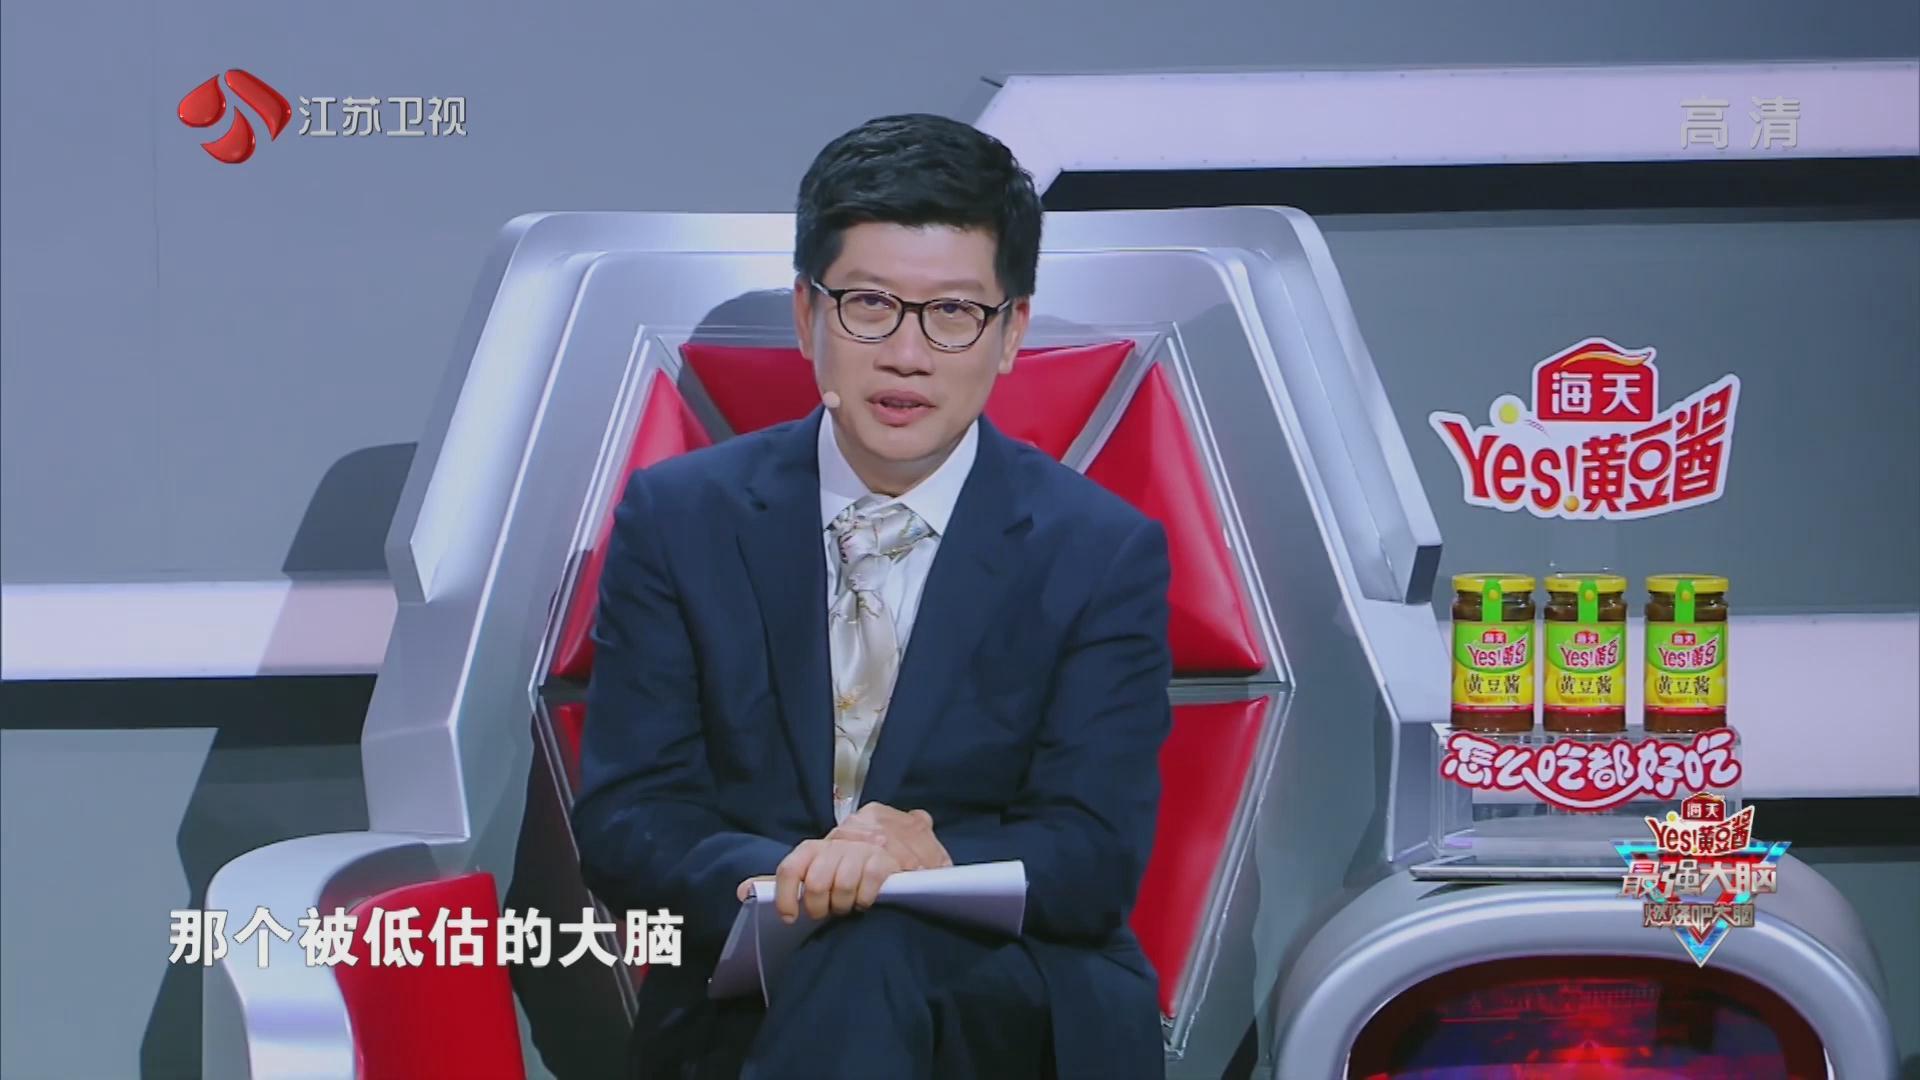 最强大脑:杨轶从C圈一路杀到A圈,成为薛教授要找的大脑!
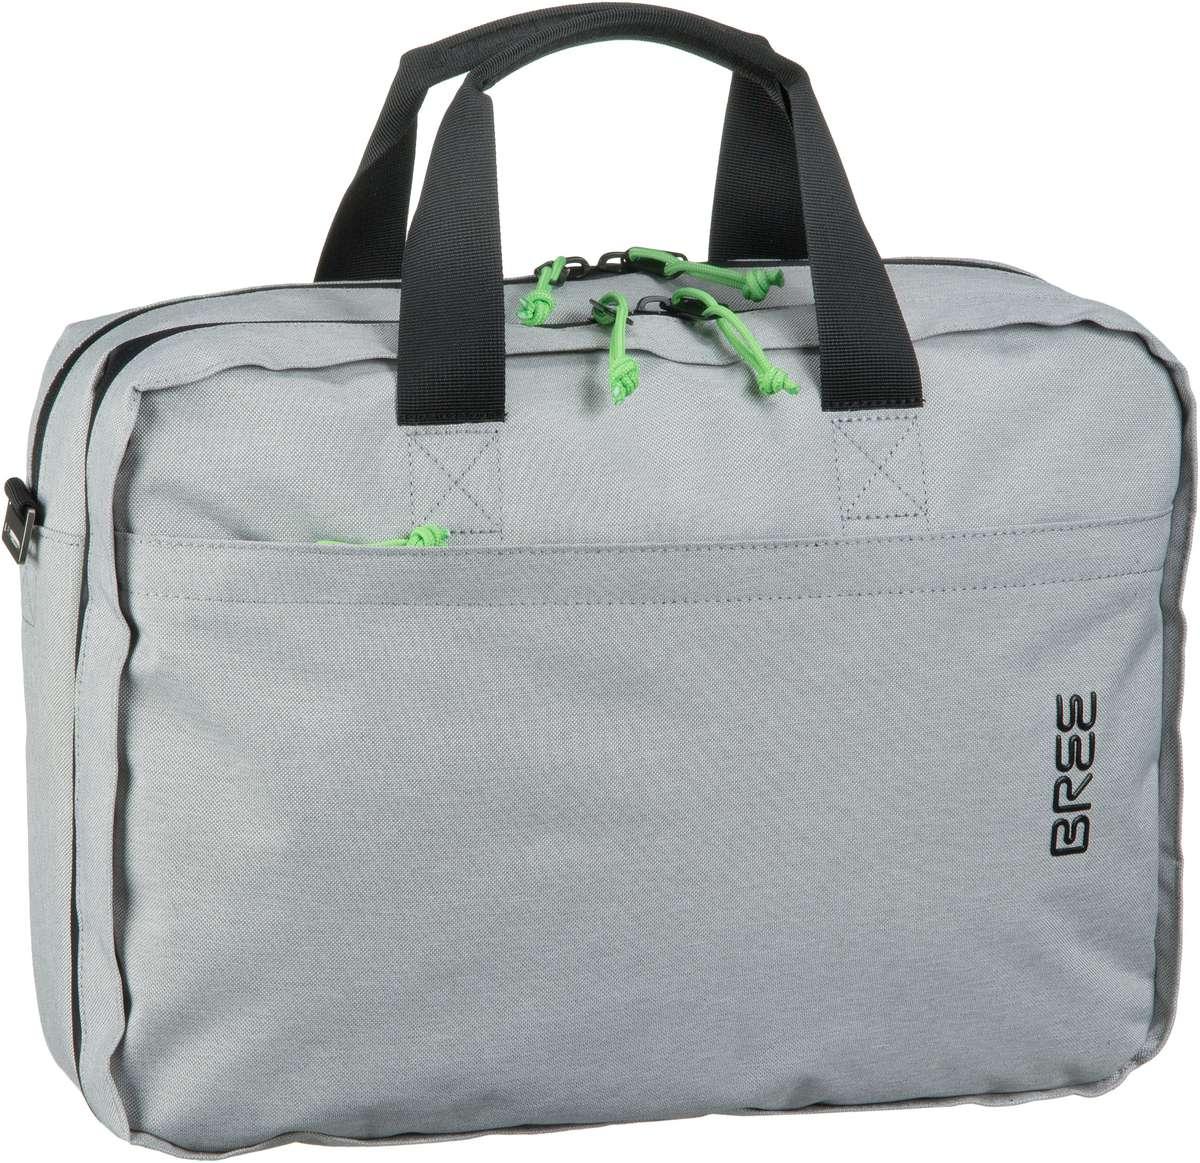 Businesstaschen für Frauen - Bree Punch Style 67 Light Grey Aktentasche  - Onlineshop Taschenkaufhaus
════════
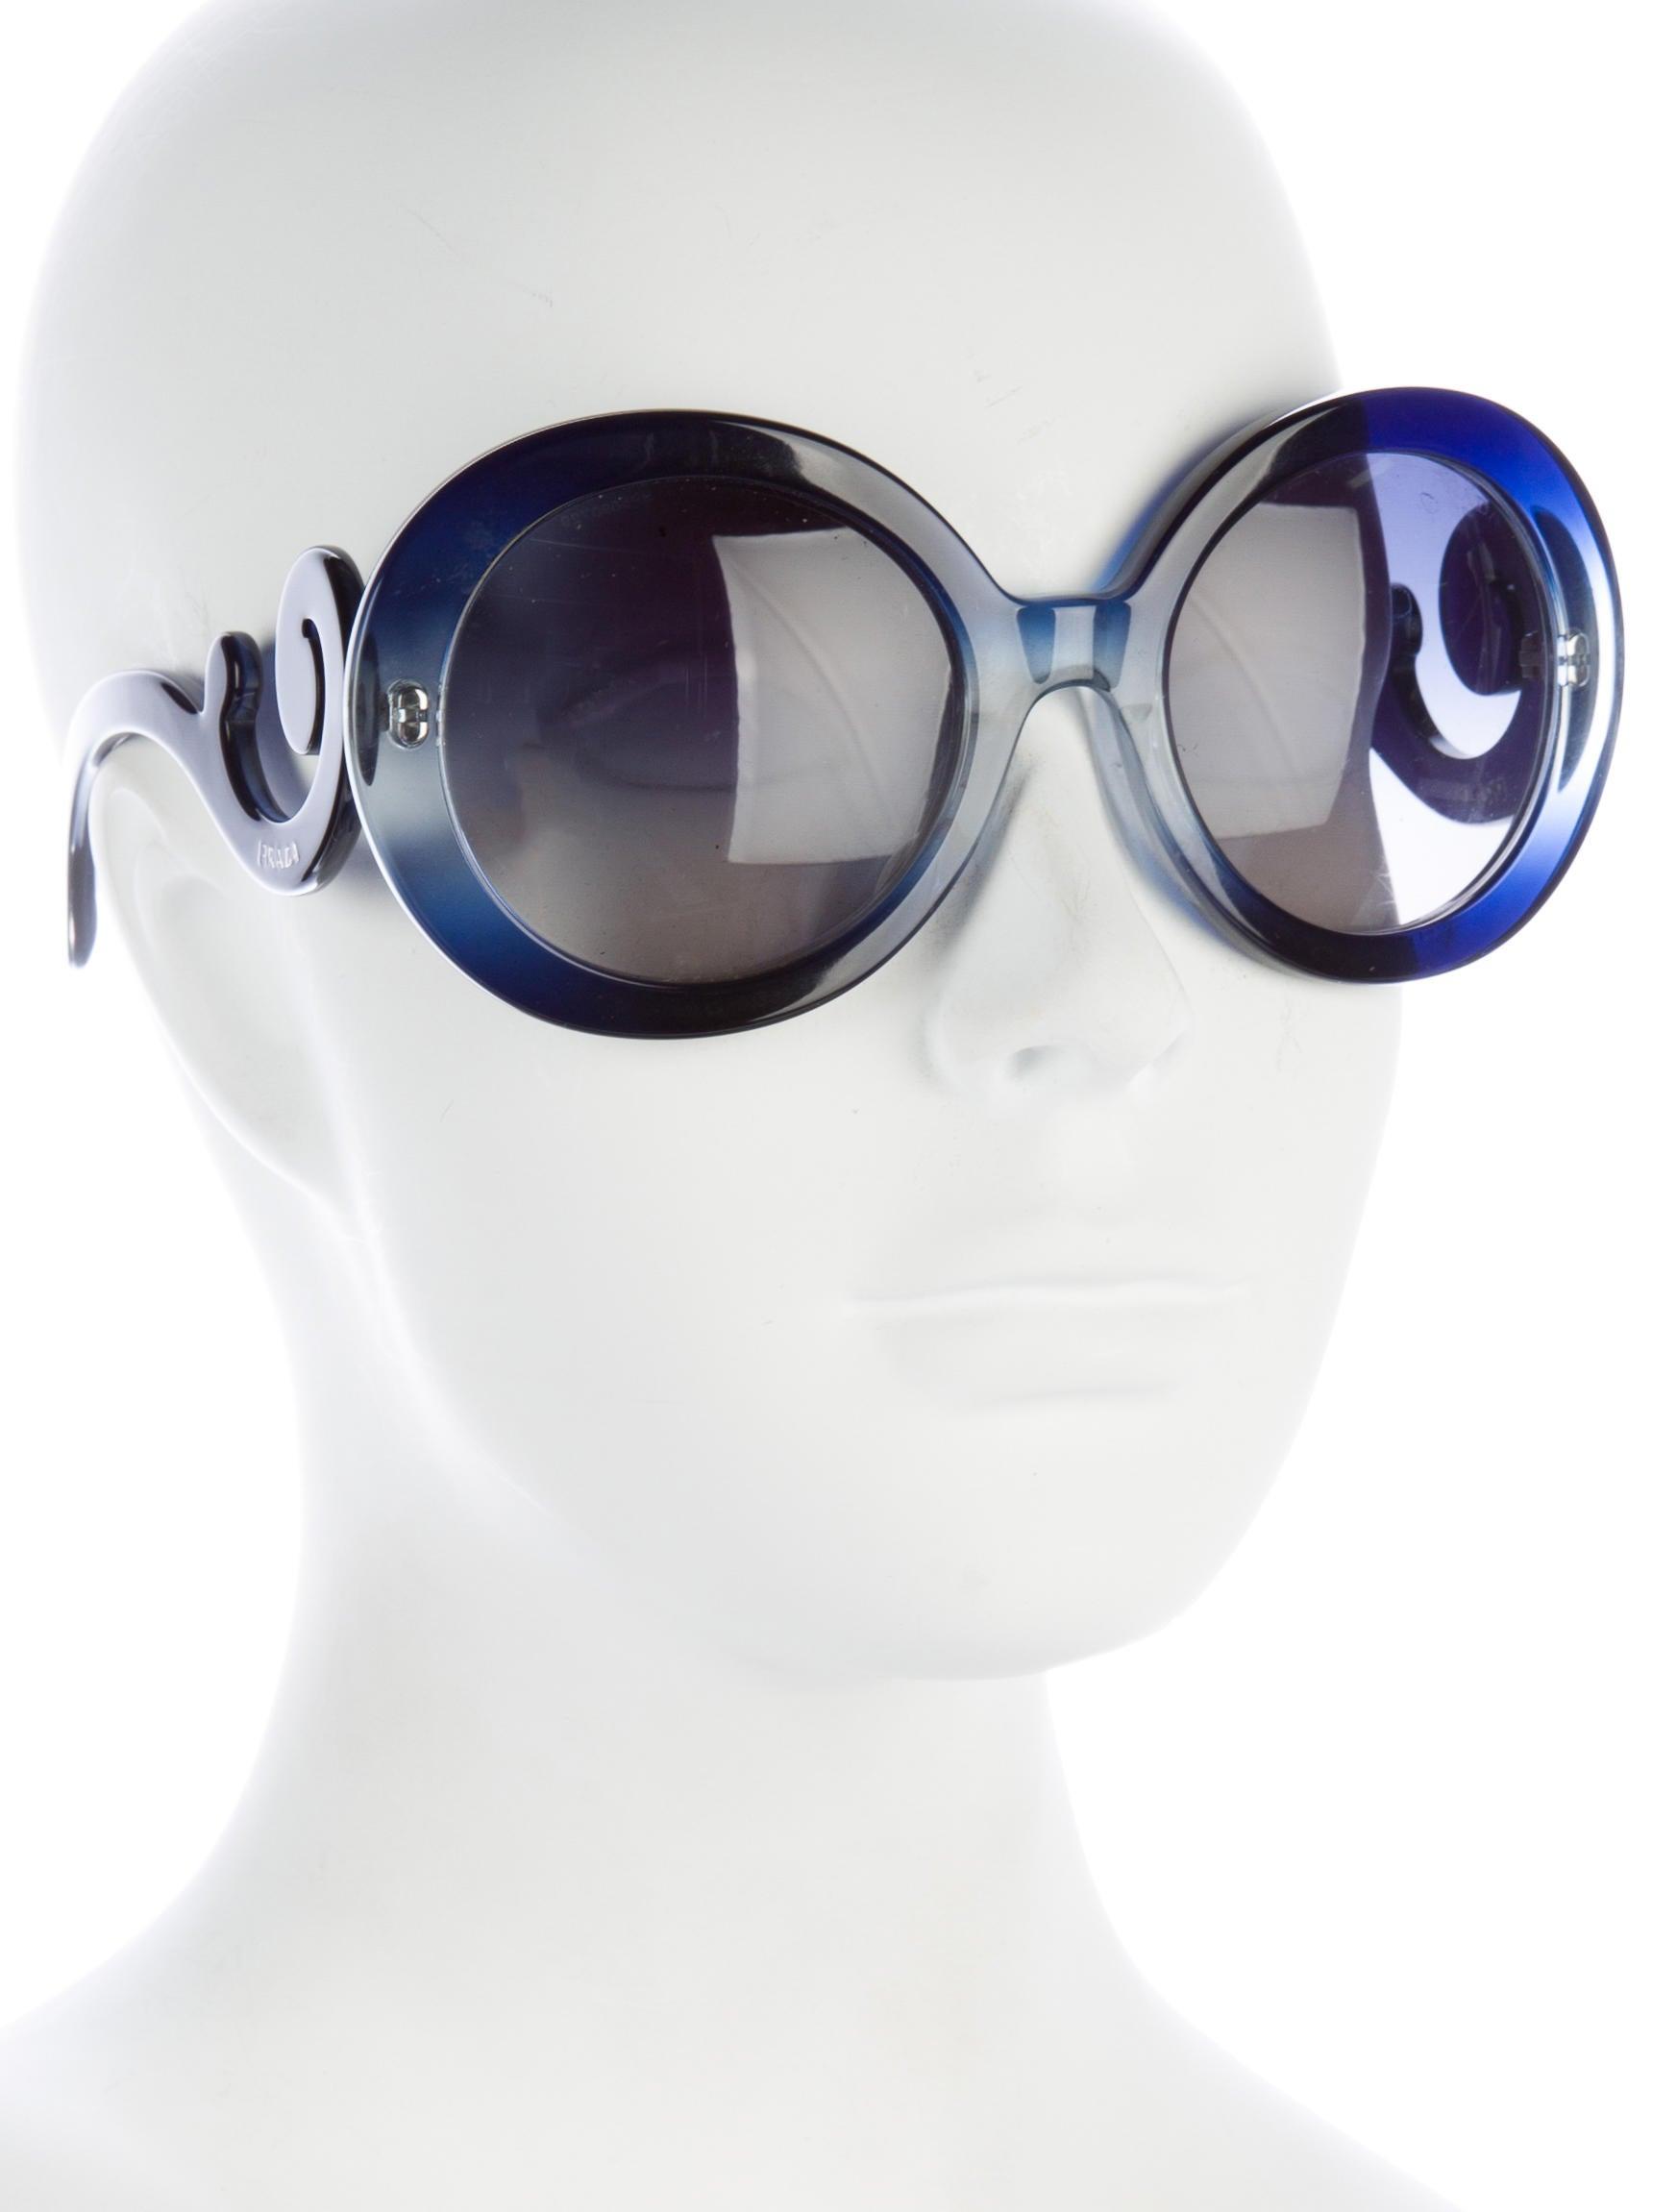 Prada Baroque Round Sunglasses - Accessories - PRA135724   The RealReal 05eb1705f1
════════
→ **Requirement**
Only the lines between the one with "最强大脑:杨轶从C圈一路杀到A圈,成为薛教授要找的大脑!" and the one with "Businesstaschen für Frauen", those two included, get copied from the material above. Keep it exact and free of pictures.

→ **Expected answer**
 最强大脑:杨轶从C圈一路杀到A圈,成为薛教授要找的大脑!
 Businesstaschen für Frauen - Bree Punch Style 67 Light Grey Aktentasche  - Onlineshop Taschenkaufhaus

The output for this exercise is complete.